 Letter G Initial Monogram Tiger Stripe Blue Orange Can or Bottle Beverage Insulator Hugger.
* * *
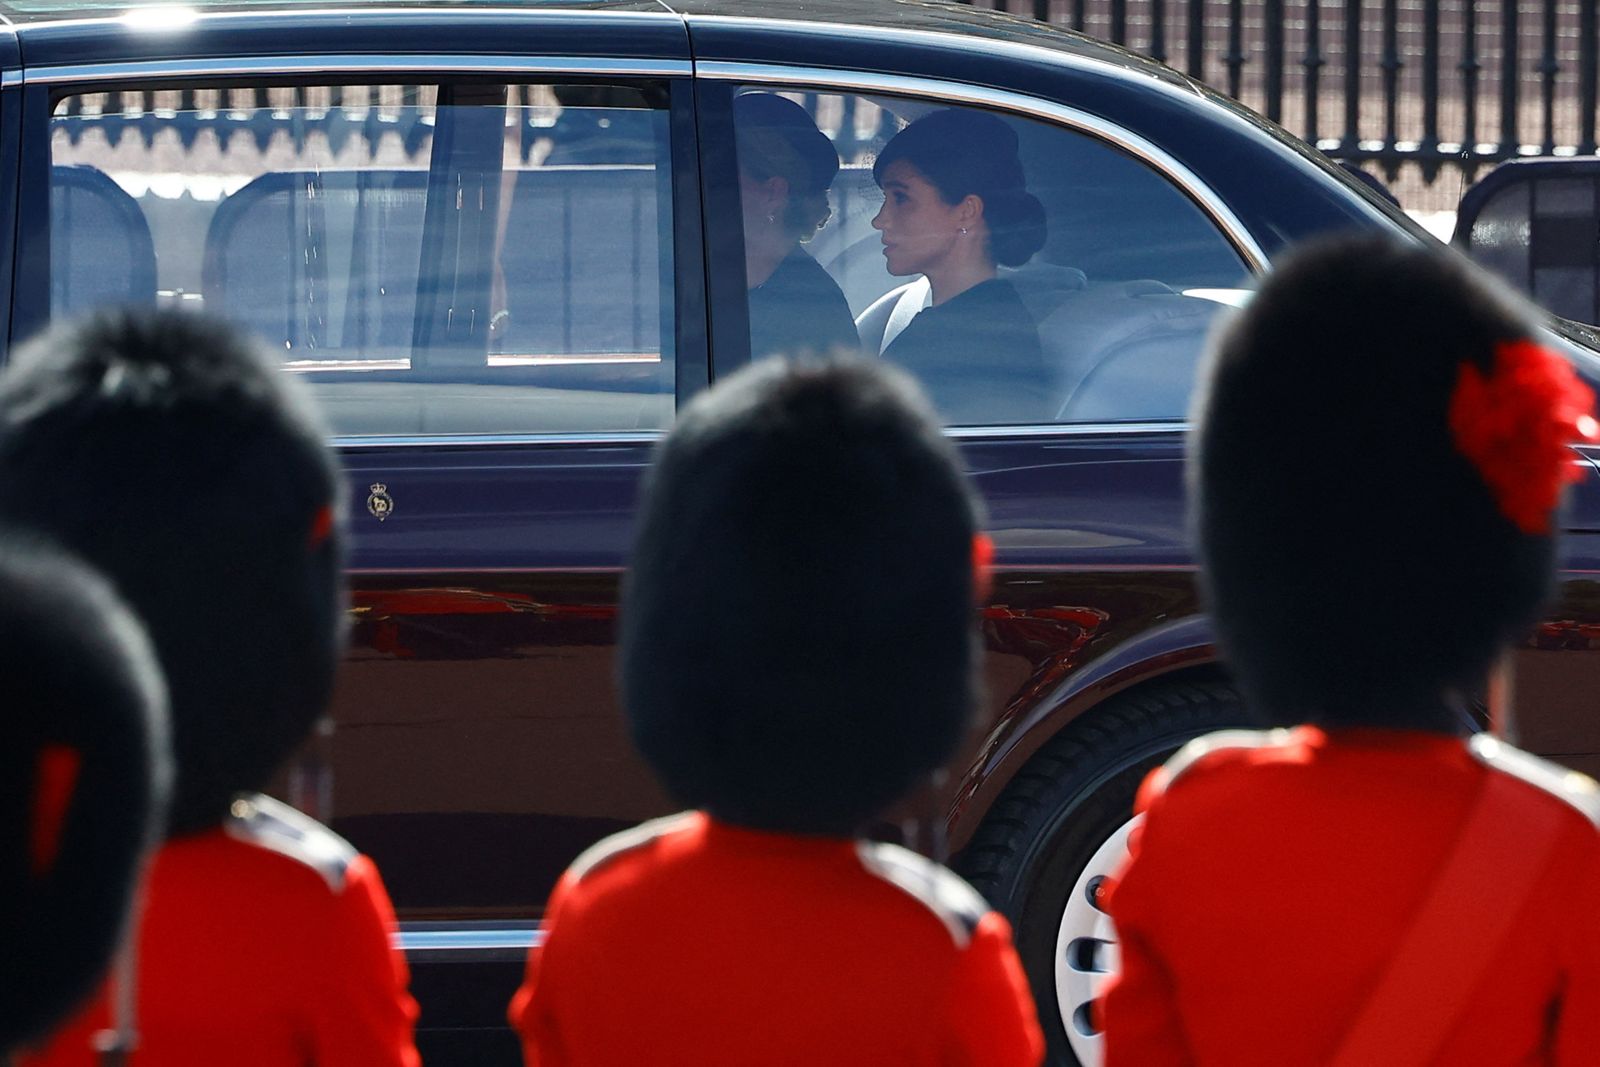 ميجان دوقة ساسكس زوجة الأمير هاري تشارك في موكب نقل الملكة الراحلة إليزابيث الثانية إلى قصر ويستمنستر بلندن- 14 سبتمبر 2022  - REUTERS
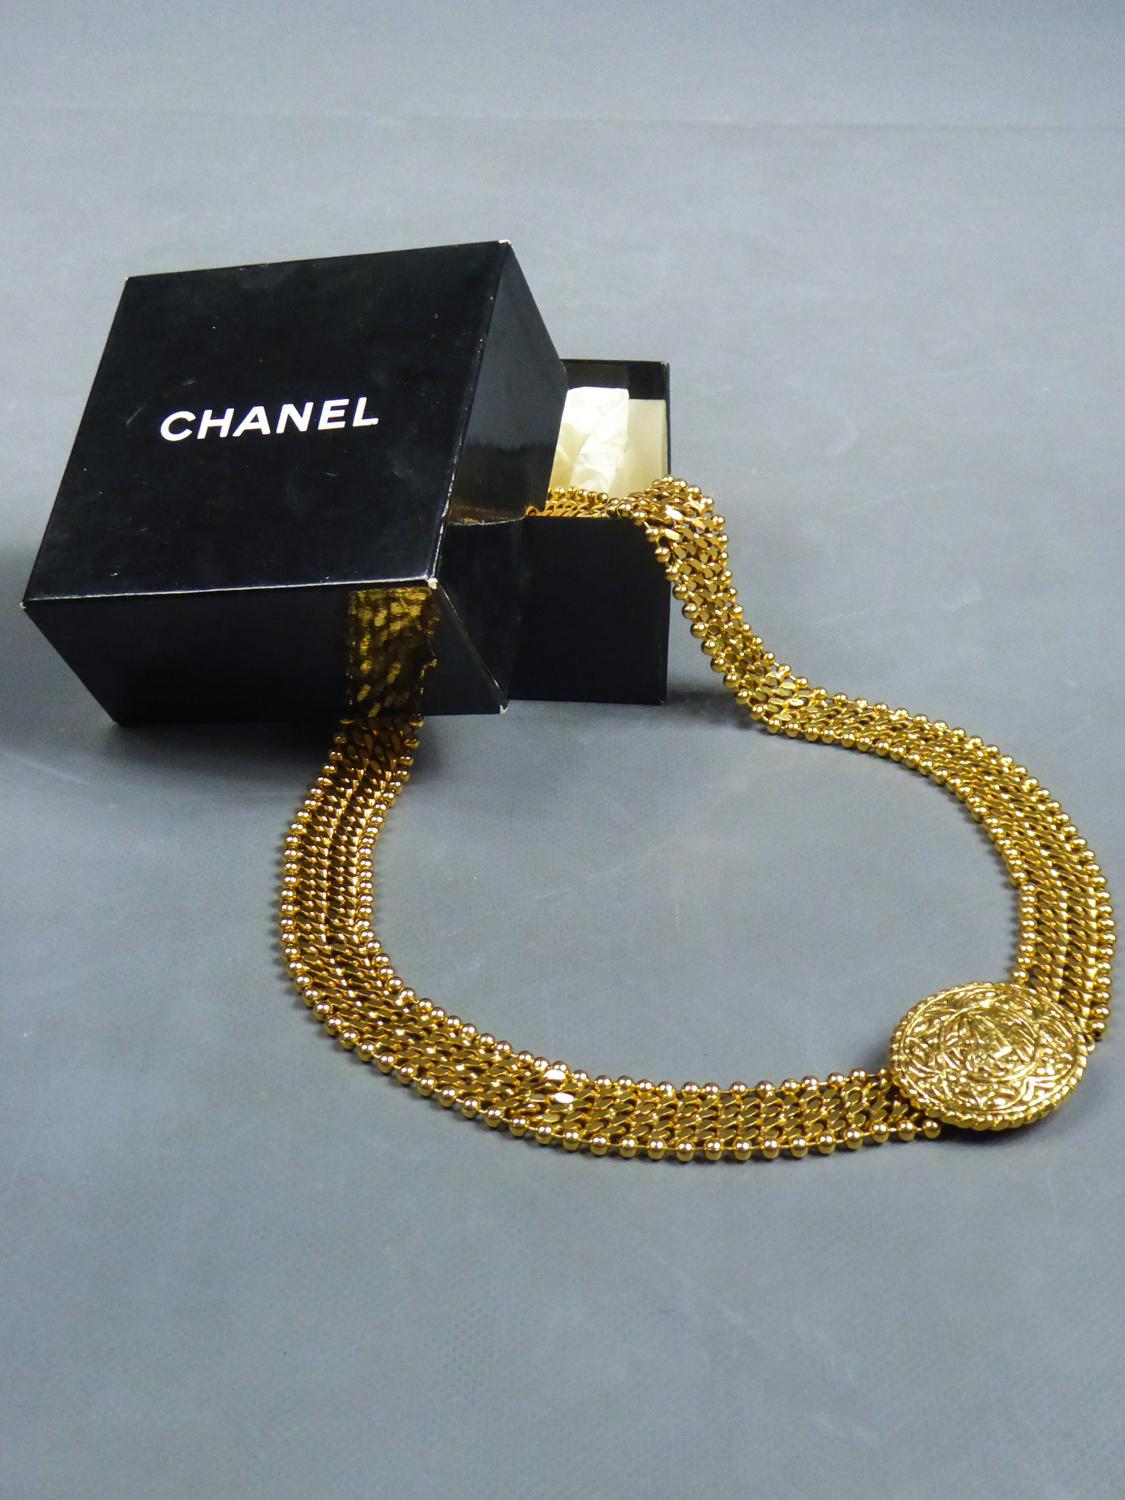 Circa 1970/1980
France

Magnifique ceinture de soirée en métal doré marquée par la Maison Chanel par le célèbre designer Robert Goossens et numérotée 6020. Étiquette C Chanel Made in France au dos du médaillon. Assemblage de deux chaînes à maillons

Exercise directions » In the material above, which lines fall between the one holding "Circa 1970/1980" and the one holding "Magnifique ceinture de", inclusive? Print exactly those, with the pictures left out.

Exercise output »
 Circa 1970/1980
France

Magnifique ceinture de soirée en métal doré marquée par la Maison Chanel par le célèbre designer Robert Goossens et numérotée 6020. Étiquette C Chanel Made in France au dos du médaillon. Assemblage de deux chaînes à maillons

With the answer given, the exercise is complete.